Technical analysis shows it’s time to take profits on European equities, which have been outperforming U.S. peers recently, Oppenheimer analyst Ari Wald wrote in an April 8 note. The Euro Stoxx 50 Index last week tested the 3,500 resistance level, representing the gauge’s peak in late 2015. Wald had recommended buying into the benchmark of euro-area large caps last August in anticipation of a rally toward that level.

The Euro Stoxx 50 climbed 5.4 percent last month, its best March performance since 2010, while the Standard & Poor’s 500 Index posted no gains. While Wald says the tactical trade at the moment is to move into U.S. equities, he doesn’t see any meaningful “sell” signals on European stocks besides the market being overbought in the near term.

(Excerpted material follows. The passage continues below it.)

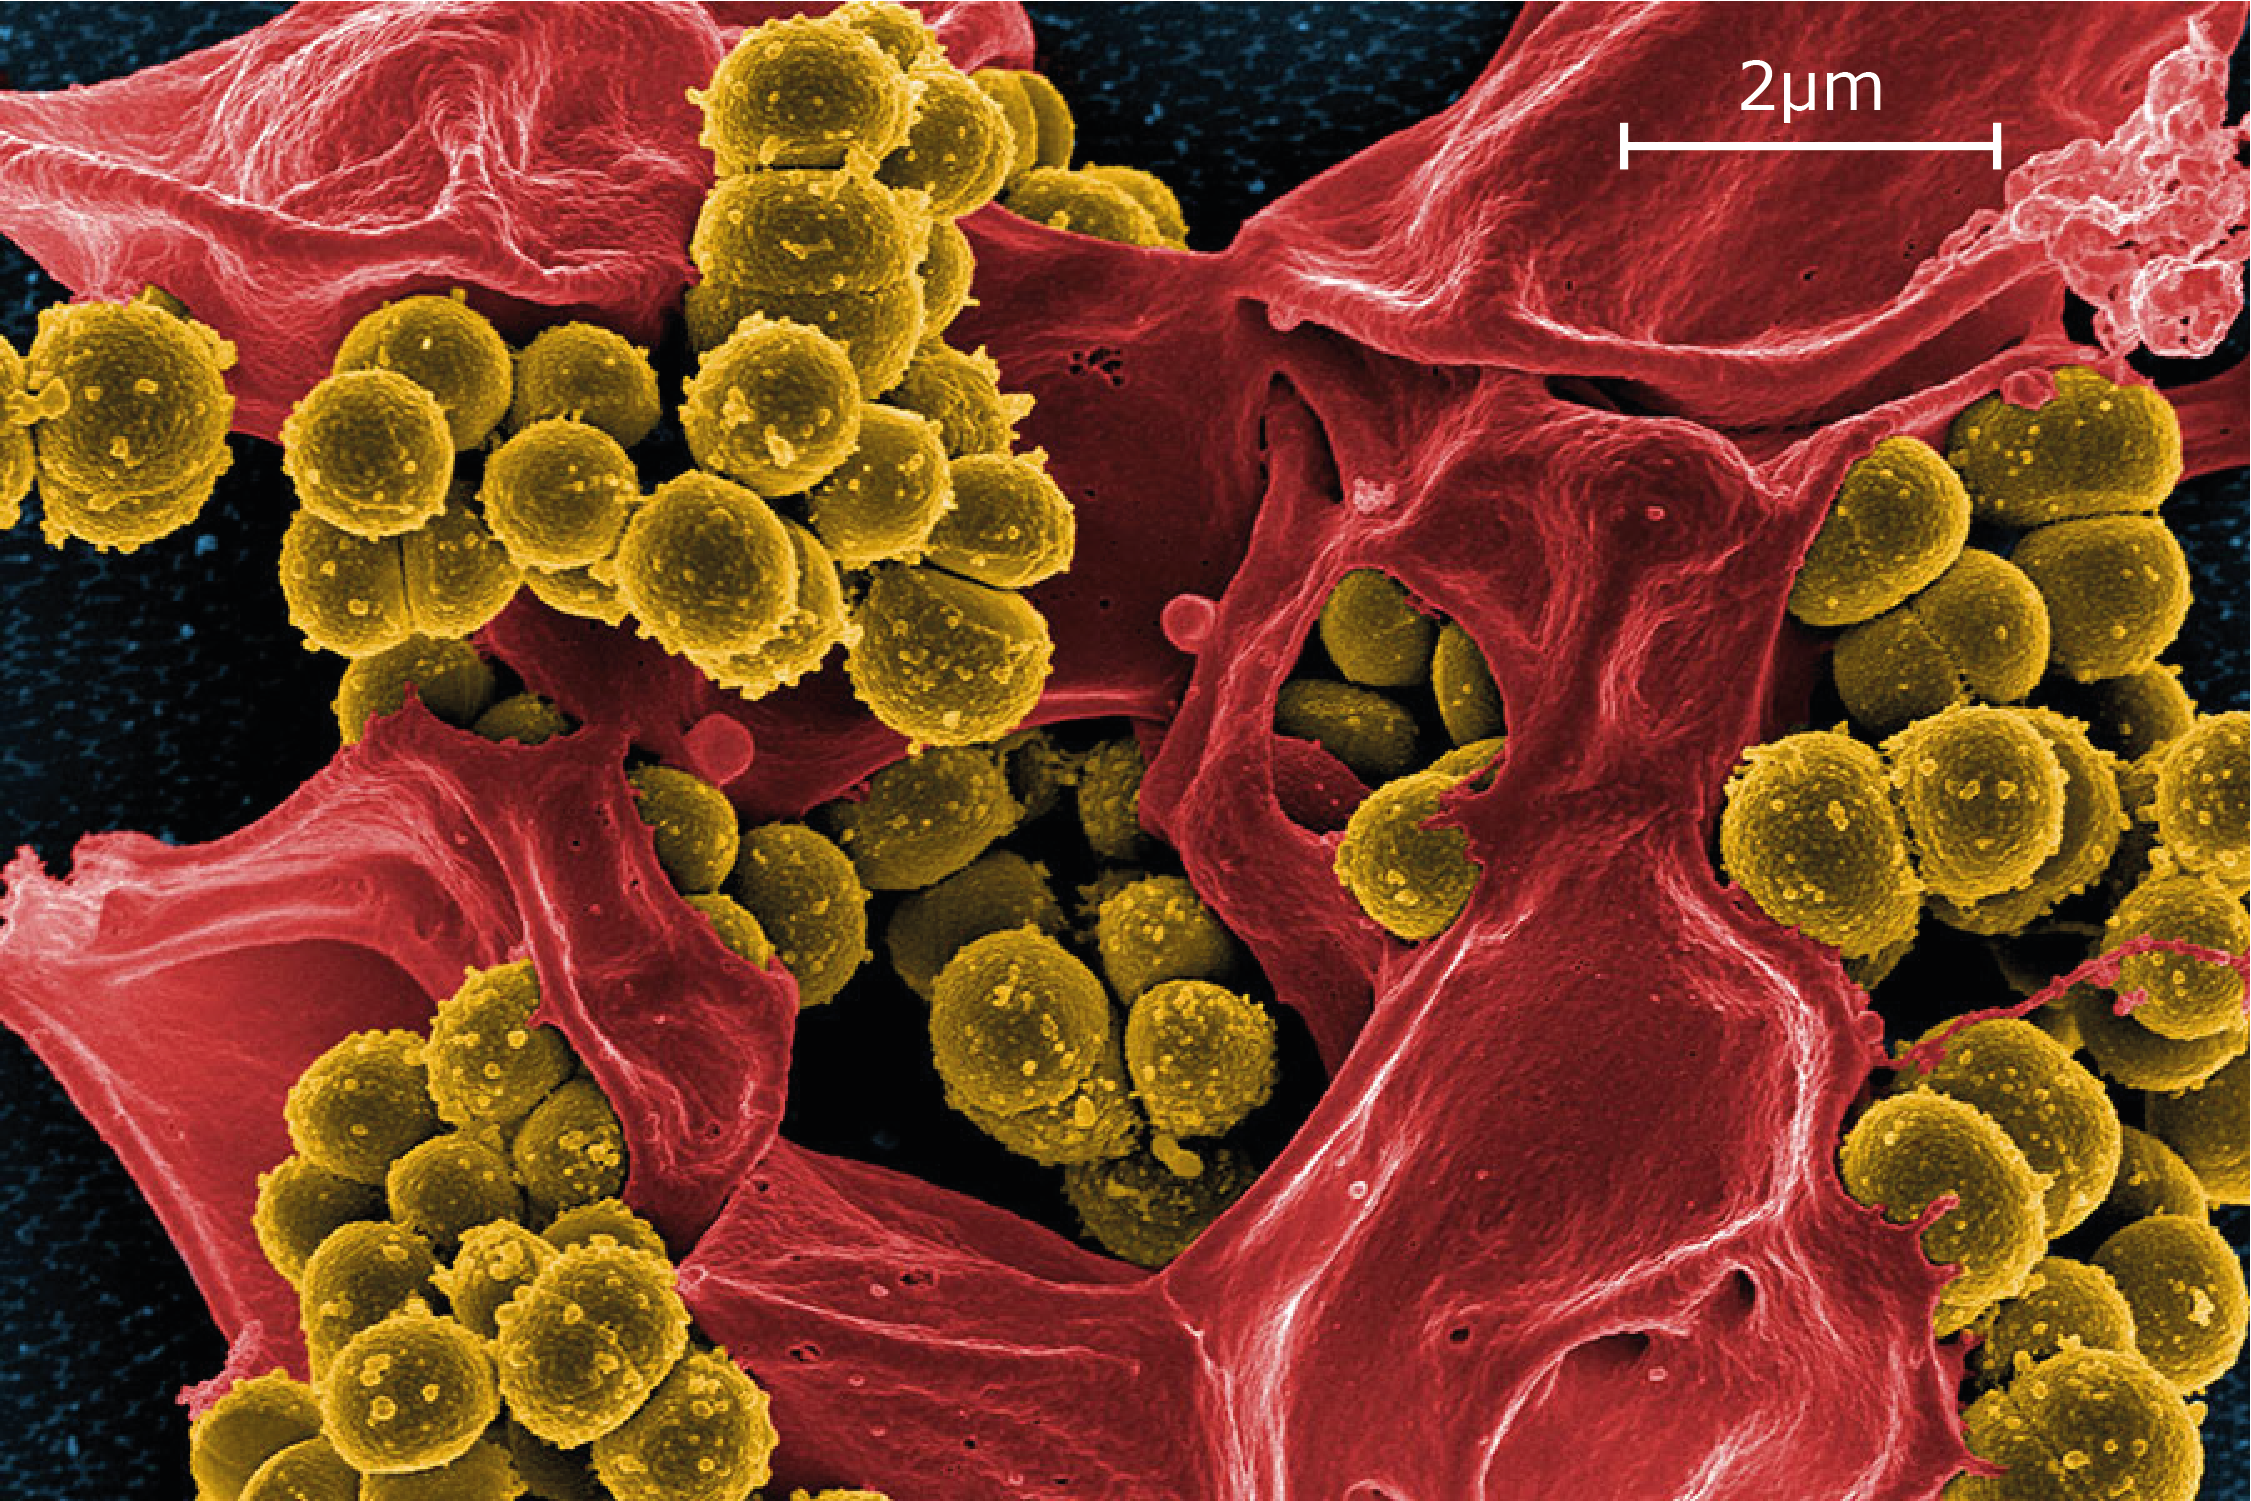 Staphilococcus Aureus Scale
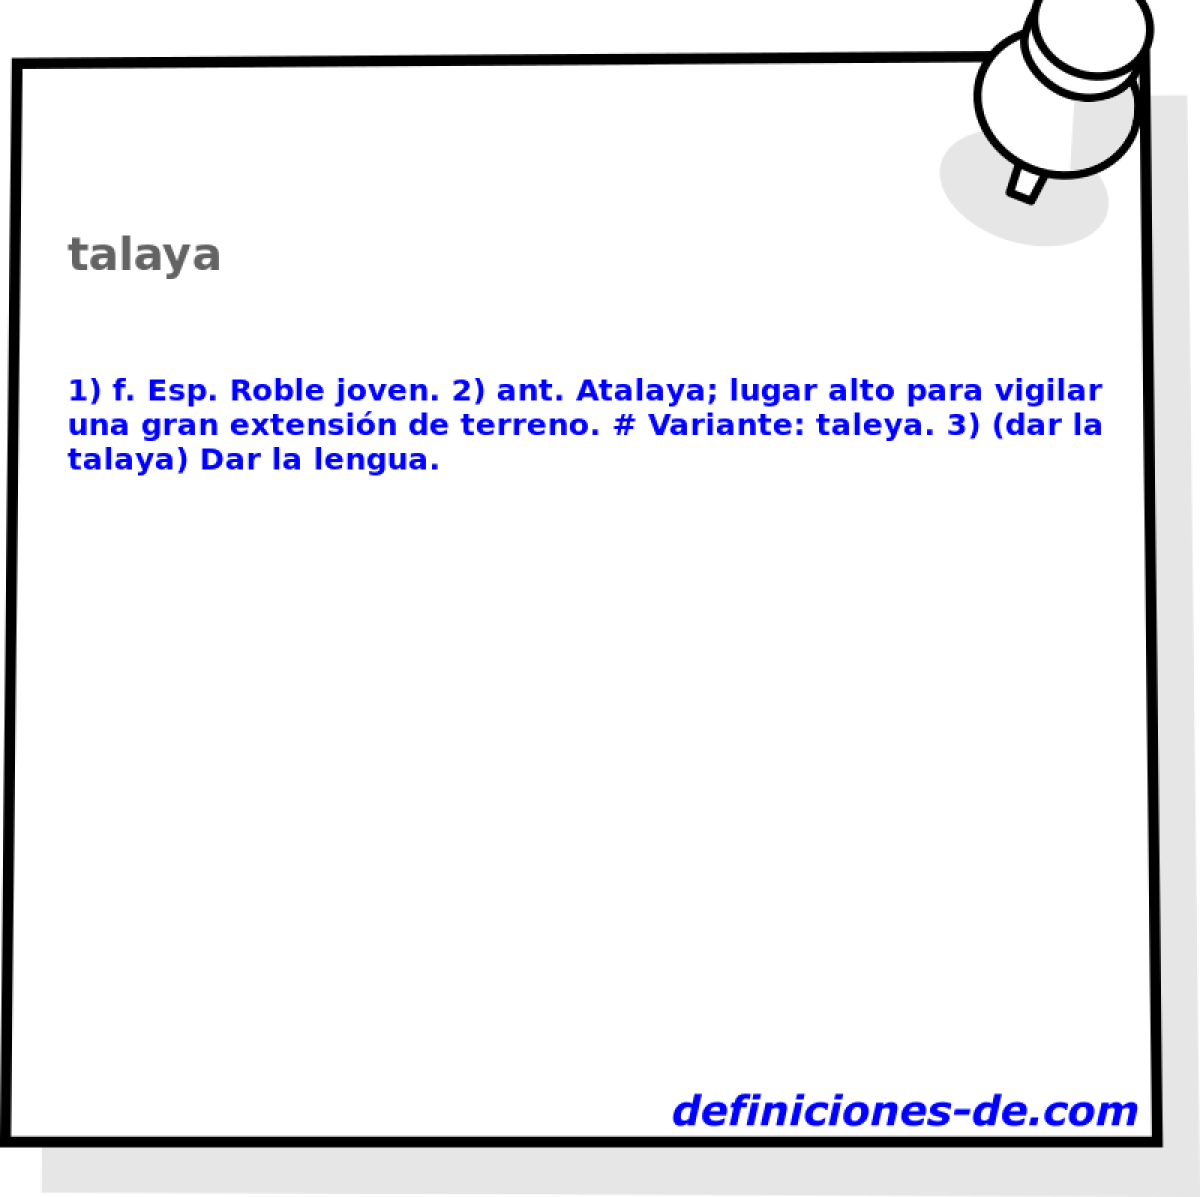 talaya

“Europe is coming off one of its best six-month stretches versus the S&P 500 over the last 10 years, and over this period it’s been rewarding to rotate into the U.S. after these bouts of Europe outperformance,” the analyst wrote. Since early October, the Euro Stoxx 50 has gained about 15 percent, outpacing a rise of 9 percent in the S&P 500.

Wald’s recommendation contrasts with the stream of bullish calls on European stocks in recent weeks from strategists at banks including Deutsche Bank AG and Morgan Stanley, citing an earnings revival and improving economy.

Investors have also been piling into the consensus trade -- European equity funds last week had a second straight week of inflows, while U.S. funds saw the biggest redemptions in 82 weeks, according to a Bank of America Merrill Lynch report citing EPFR Global data.